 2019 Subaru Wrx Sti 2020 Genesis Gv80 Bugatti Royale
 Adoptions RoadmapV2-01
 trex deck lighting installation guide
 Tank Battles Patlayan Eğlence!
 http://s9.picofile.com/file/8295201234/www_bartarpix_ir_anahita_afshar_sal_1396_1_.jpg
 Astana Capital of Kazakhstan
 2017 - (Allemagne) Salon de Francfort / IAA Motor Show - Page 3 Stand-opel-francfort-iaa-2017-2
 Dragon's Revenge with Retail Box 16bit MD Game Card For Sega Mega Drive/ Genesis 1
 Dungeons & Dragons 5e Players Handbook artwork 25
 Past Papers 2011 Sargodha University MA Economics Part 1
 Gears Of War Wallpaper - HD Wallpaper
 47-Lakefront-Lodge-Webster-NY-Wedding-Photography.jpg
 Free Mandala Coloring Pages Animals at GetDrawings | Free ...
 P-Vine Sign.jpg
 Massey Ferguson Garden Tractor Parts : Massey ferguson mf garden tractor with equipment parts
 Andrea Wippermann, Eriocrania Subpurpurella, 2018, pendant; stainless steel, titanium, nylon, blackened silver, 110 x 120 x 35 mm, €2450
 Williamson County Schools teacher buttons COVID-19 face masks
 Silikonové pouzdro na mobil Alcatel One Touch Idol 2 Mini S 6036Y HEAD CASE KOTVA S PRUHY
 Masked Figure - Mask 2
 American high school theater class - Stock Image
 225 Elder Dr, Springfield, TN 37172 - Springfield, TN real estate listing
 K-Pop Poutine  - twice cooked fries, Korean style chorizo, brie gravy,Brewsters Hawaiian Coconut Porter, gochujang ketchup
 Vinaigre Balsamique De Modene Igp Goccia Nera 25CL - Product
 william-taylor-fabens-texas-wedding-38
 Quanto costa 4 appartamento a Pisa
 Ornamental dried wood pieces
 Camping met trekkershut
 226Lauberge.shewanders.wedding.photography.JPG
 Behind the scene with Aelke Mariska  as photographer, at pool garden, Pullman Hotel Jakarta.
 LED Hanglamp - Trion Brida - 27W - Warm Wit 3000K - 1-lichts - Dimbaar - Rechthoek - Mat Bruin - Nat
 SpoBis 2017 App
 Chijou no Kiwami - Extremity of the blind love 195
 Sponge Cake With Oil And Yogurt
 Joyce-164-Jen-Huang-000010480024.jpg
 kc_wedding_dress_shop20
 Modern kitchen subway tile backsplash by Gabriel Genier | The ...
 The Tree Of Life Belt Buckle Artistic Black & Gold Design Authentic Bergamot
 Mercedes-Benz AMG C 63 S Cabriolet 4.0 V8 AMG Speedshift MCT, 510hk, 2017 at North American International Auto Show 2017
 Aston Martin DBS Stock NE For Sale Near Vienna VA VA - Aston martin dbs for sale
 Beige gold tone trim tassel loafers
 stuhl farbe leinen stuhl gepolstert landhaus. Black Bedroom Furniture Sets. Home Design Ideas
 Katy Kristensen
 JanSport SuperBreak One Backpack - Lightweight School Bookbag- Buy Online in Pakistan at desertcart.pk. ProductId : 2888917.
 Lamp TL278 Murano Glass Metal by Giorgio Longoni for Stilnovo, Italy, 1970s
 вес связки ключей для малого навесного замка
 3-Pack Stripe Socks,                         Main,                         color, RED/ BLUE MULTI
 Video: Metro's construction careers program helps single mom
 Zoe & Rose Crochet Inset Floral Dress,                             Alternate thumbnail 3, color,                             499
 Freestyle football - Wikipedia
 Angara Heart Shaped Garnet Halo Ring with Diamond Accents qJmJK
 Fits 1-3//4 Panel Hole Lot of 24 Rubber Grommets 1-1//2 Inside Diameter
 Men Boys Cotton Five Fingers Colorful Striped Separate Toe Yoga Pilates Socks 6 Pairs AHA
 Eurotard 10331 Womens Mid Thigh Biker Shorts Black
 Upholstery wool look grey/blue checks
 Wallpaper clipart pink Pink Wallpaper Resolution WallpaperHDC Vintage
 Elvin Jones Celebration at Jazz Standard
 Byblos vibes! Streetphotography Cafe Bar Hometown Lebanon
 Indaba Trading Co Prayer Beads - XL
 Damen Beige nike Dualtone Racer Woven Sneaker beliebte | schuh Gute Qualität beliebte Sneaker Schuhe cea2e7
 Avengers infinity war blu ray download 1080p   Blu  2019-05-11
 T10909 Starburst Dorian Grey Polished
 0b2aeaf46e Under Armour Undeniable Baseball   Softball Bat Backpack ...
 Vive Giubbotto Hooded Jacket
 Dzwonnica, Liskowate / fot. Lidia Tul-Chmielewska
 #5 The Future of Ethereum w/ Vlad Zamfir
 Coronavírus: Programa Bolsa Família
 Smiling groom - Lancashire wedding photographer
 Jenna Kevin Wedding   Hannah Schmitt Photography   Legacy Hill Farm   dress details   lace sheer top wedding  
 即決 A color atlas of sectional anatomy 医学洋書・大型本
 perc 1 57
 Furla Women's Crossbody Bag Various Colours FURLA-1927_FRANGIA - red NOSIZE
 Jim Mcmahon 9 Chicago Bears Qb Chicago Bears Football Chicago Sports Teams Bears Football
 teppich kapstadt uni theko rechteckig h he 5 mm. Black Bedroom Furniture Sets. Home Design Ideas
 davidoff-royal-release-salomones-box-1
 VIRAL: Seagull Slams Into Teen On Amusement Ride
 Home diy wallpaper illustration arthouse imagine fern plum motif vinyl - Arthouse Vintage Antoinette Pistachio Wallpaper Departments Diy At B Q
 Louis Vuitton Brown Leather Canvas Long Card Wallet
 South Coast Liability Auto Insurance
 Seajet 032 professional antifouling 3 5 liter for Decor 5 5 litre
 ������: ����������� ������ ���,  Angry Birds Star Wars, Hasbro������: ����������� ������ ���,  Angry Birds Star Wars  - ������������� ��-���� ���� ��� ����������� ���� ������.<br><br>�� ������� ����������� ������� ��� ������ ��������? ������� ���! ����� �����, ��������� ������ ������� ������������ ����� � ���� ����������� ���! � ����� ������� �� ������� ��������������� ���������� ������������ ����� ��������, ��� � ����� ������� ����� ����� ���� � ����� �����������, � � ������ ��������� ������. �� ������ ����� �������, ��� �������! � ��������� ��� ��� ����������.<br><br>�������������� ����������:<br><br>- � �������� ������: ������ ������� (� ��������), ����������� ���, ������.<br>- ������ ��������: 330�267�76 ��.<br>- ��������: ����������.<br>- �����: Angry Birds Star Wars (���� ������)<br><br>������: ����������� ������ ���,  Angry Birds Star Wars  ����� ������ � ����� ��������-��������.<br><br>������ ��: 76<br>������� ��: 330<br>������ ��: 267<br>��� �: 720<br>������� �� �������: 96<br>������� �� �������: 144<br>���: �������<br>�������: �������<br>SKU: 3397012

****************

Among the entries above, find every line holding "American" and copy it.

 American high school theater class - Stock Image
 Mercedes-Benz AMG C 63 S Cabriolet 4.0 V8 AMG Speedshift MCT, 510hk, 2017 at North American International Auto Show 2017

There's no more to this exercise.